Medical records of 579 sequential cancer patients undergoing active treatment at Levine Cancer Institute who tested positive for COVID-19 between January 2020 and January 2021 were evaluated. Patients who died prior to vaccine eligibility were excluded from the analysis. Demographic, clinical, and COVID-19 related characteristics were analyzed to identify prognostic factors for COVID-19 vaccine uptake as this information could be important for health policy design for future pandemics.
Eighty-one patients died prior to the availability of COVID-19 vaccines. The acceptance rate of COVID-19 vaccination among 498 previously infected cancer patients was 54.6%. Of the patients with known vaccination dates, 76.8% received their first vaccine by April 17th, 2021. As of November 30, 2021, 23.7.% of eligible patients were boosted. In univariate models, older age, female sex, higher income, solid tumor cancer type, and hormone therapy were significantly associated with higher vaccine uptake, while Hispanic/Latino ethnicity was significantly associated with lower vaccine uptake. In a multivariable model, age (OR 1.18, 95% CI 1.10-1.28; p < 0.001), female sex (OR 1.80, 95% CI 1.22-2.66; p = 0.003), and higher income (OR 1.11, 95% CI 1.01-1.22; p = 0.032), were predictive of COVID-19 vaccine uptake.

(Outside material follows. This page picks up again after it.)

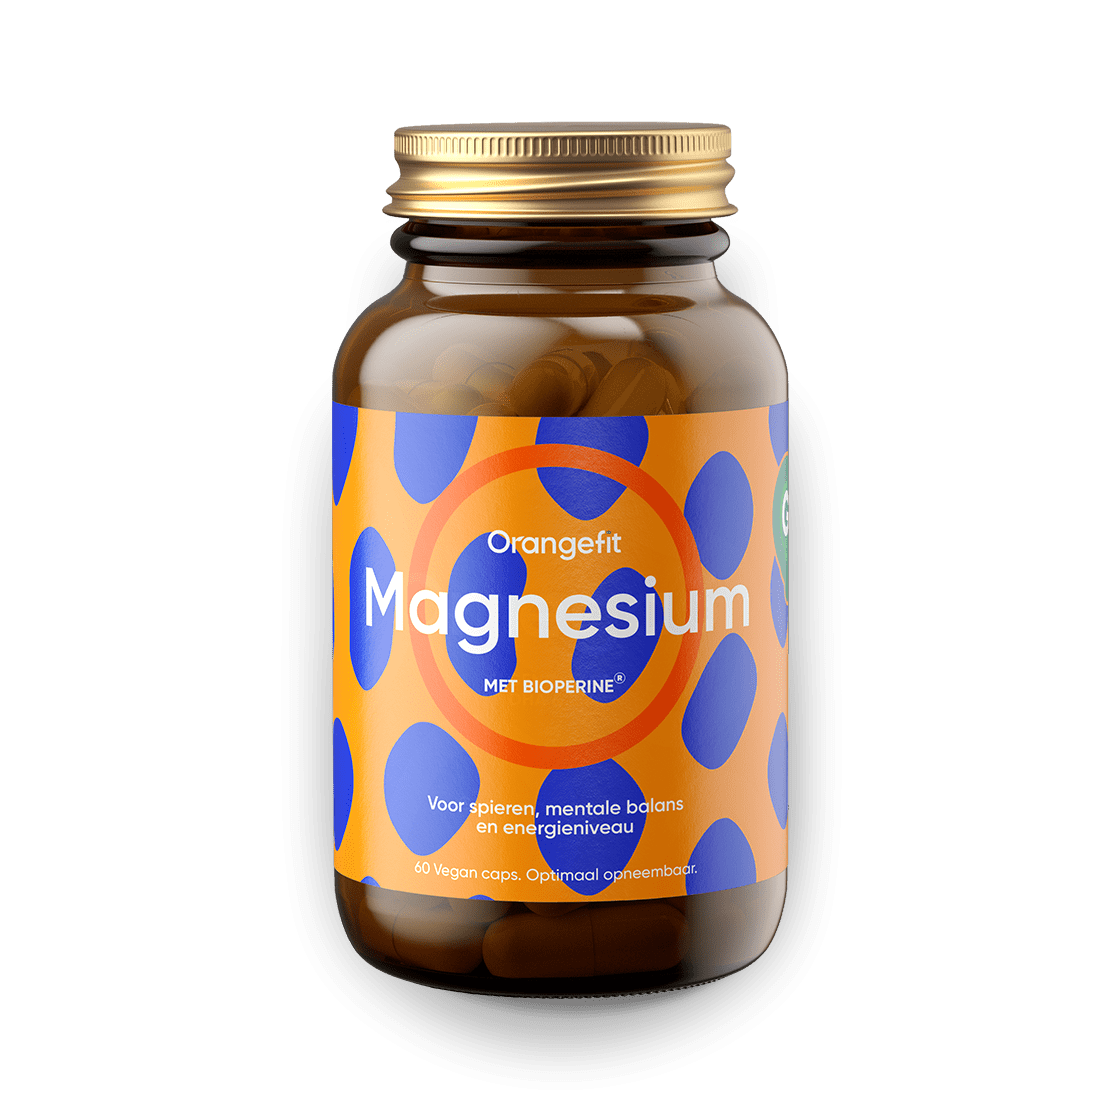 musicus Aankoop prioriteit Magnesium van Orangefit® - Let's Create A Fitter World

Overall, vaccine uptake was low among our cohort of previously infected cancer patients. Older age, female sex, and higher income were the only variables associated with COVID-19 vaccine uptake within this vulnerable patient population.

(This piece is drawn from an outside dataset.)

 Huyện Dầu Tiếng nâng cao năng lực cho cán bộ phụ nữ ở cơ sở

癌症患者感染新型冠状病毒2(SARS-CoV-2)后患重病的风险很高,但接种新冠病毒疾病(COVID-19)疫苗可降低风险。既往感染过的癌症患者对COVID-19疫苗的接种率可能受到自然免疫假设、预计的弱免疫反应或对疫苗安全性的担忧影响。本研究的目的是评估既往感染SARS-CoV-2的癌症患者的COVID-19疫苗接种趋势。

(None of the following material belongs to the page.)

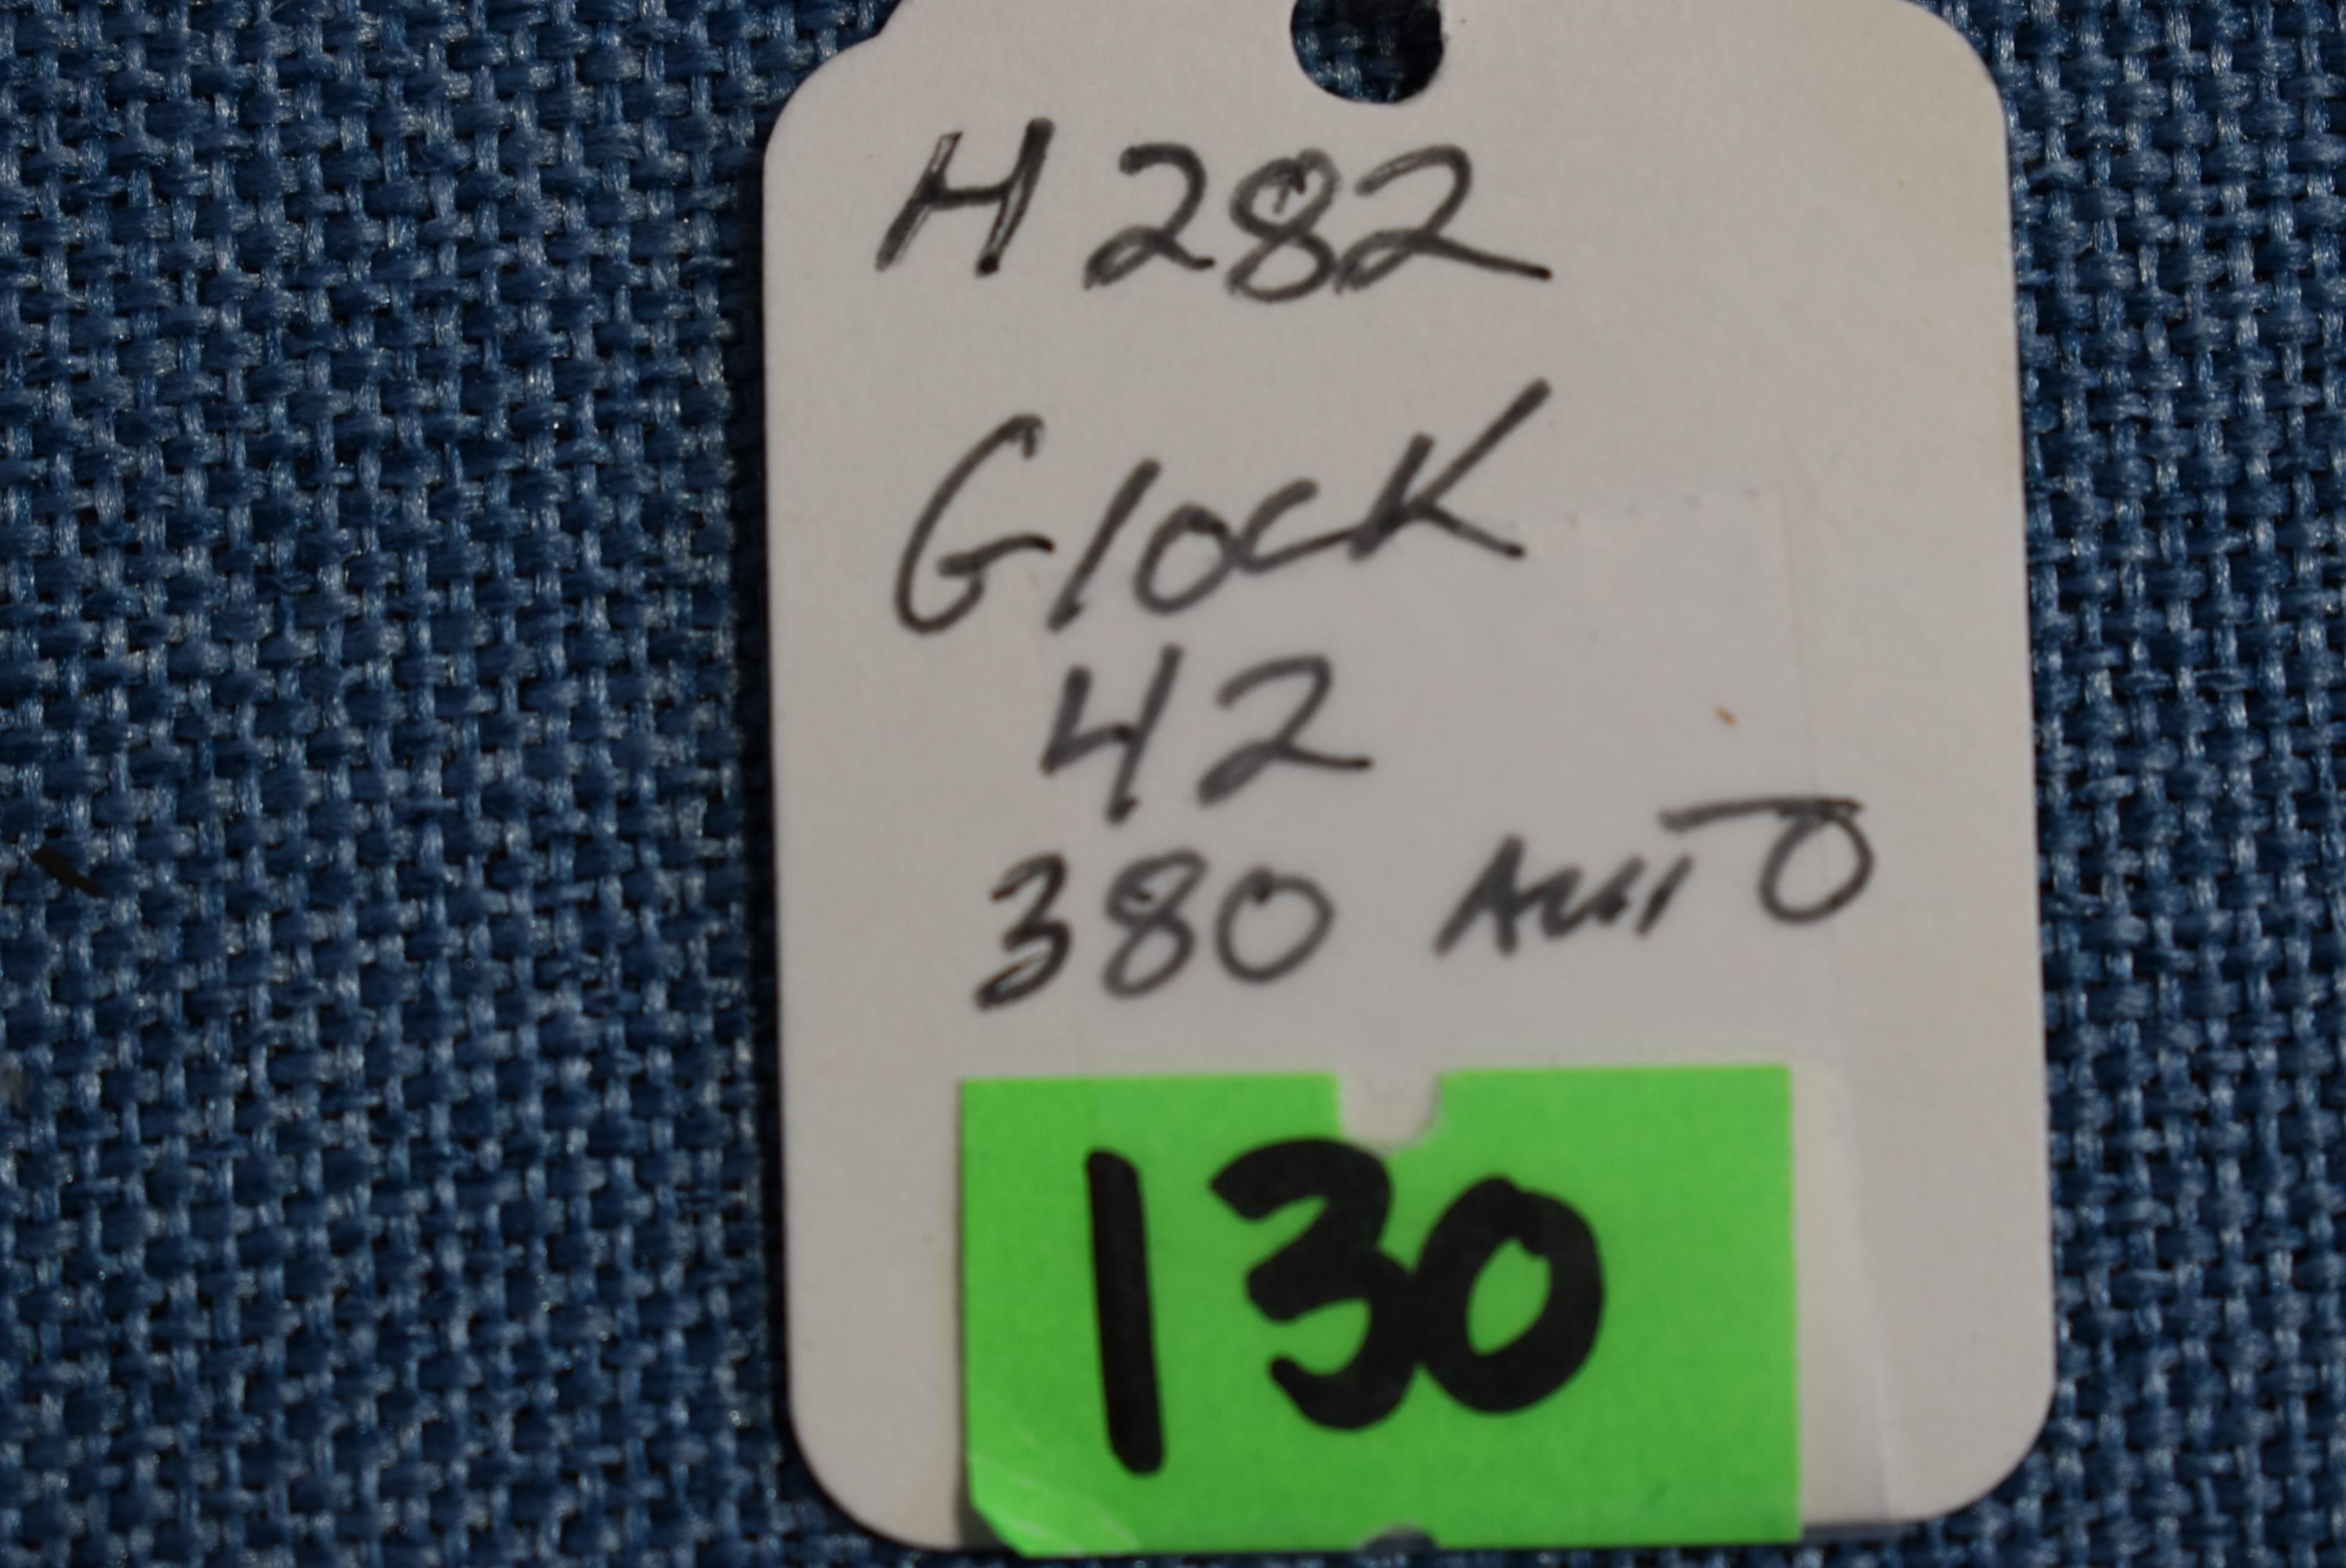 FIREARM/GUN GLOCK 42!! H 282

对2020年1月至2021年1月期间在莱文癌症研究所接受积极治疗且COVID-19检测呈阳性的579例连续癌症患者的病历进行评估。在符合疫苗接种条件前死亡的患者被排除在分析之外。分析人口统计学、临床和COVID-19相关特征,以确定COVID-19疫苗接种的预后因素,因为这些信息可能对未来大流行的卫生政策设计很重要。
81例患者在COVID-19疫苗可用之前死亡。498例既往感染的癌症患者中,COVID-19疫苗的接种率为54.6%。在已知接种日期的患者中,76.8%在2021年4月17日前接种了第一剂疫苗。截至2021年11月30日,23.7%的符合条件患者接种了加强针。在单变量模型中,年龄较大、女性、收入较高、实体肿瘤癌症类型和激素治疗与较高的疫苗接种率显著相关,而西班牙裔/拉丁裔种族与较低的疫苗接种率显著相关。在多变量模型中,年龄(比值比[OR]1.18,95%置信区间[CI]1.10 - 1.28;p < 0.001)、女性(OR 1.80,95% CI 1.22 - 2.66;p = 0.003)和较高收入(OR 1.11,95% CI 1.01 - 1.22;p = 0.032)可预测COVID-19疫苗接种情况。
总体而言,在我们既往感染的癌症患者队列中,疫苗接种率较低。在这一脆弱患者群体中,年龄较大、女性和较高收入是与COVID-19疫苗接种相关的唯一变量。